Dia si protagonis, sang heroine. Kanaya Mutia. Memiliki tinggi 165 cm, berat 45 kg, kulit putih bagai batu pualam murni, bibir ranum semerah ceri, hidung mancung, wajah oval, bulu mata lentik, netra cokelat terang mirip almond, alis segaris yang hitam, rambut hitam lurus sebahu, berponi, leher jenjang, kaki mulus cantik, dan tangan dengan jemari panjang. Dia sangat cantik bagai seorang dewi. Kecantikan itu dilengkapi dengan sifatnya yang ramah, peduli dan penyayang. Semua orang menyukainya, baik lelaki maupun perempuan.
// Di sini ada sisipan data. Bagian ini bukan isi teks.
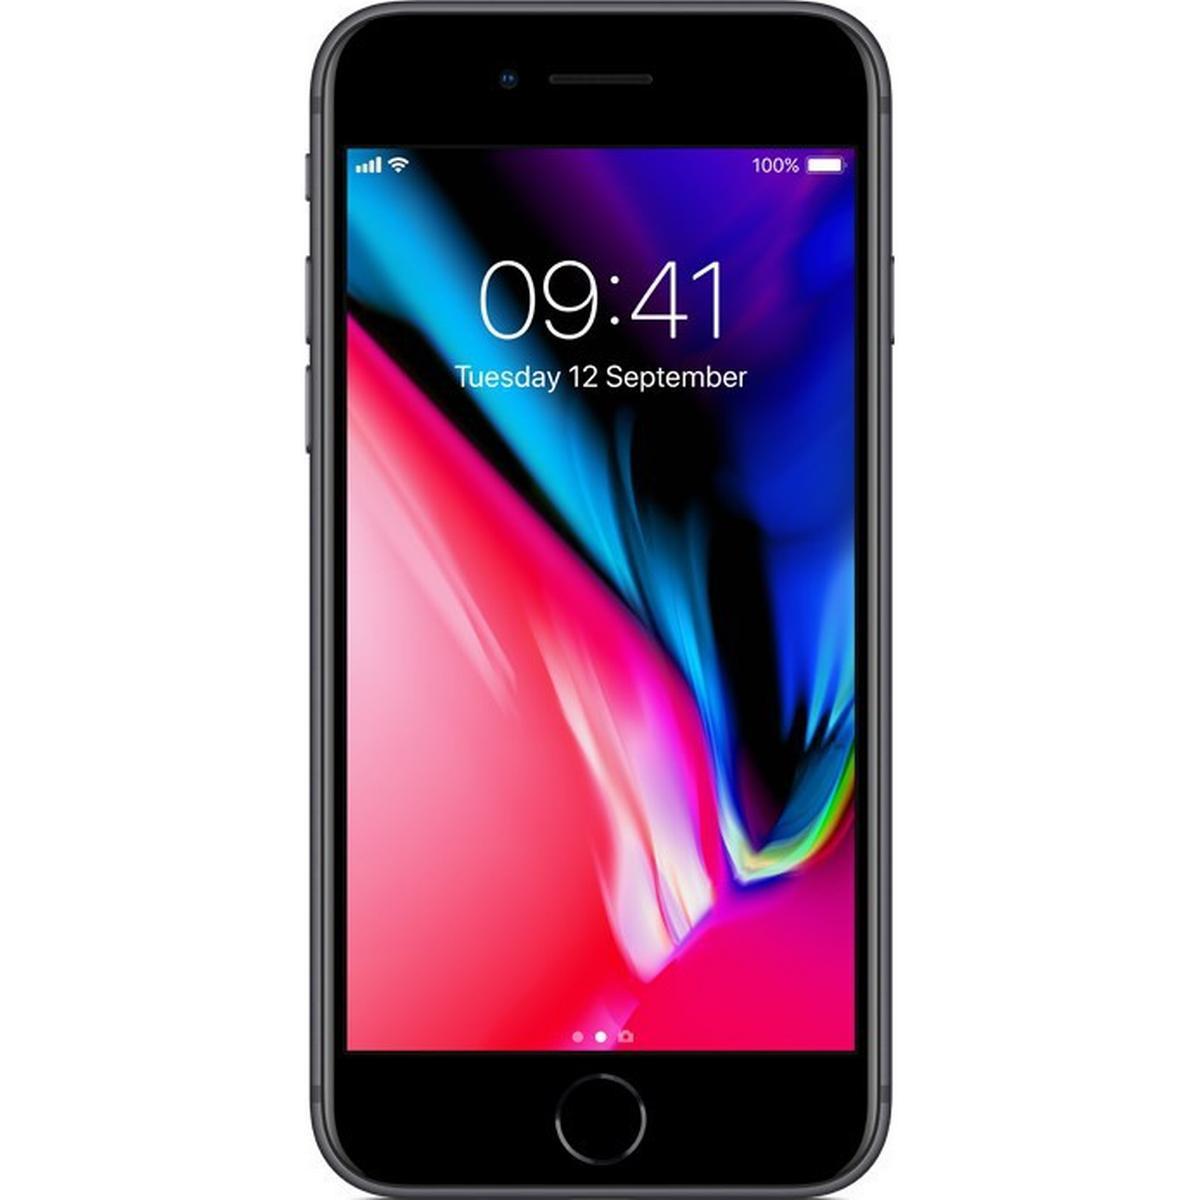 Frisk Mobiltelefon - Sammenlign priser på mobiltelefoner hos PriceRunner KG-29

Aku pertama kali bertemu denganya saat usia tujuh tahun, lewat pernikahan ibuku dan ayahnya. Dia kakak tiriku. Seperti dalam kisah-kisah senja kala, dua saudara tiri pastilah tidak akur. Begitu pula kami pada awalnya, sampai setahun setelah pernikahan kedua orangtua kami, Naya mendorongku menjauh dari mobil yang hampir menabrakku. Pada proses menyelamatkanku itu nyawa Naya dipertaruhkan, dan dia koma selama satu hari. Sejak itu, kebahagiaan Naya menjadi prioritas utamaku.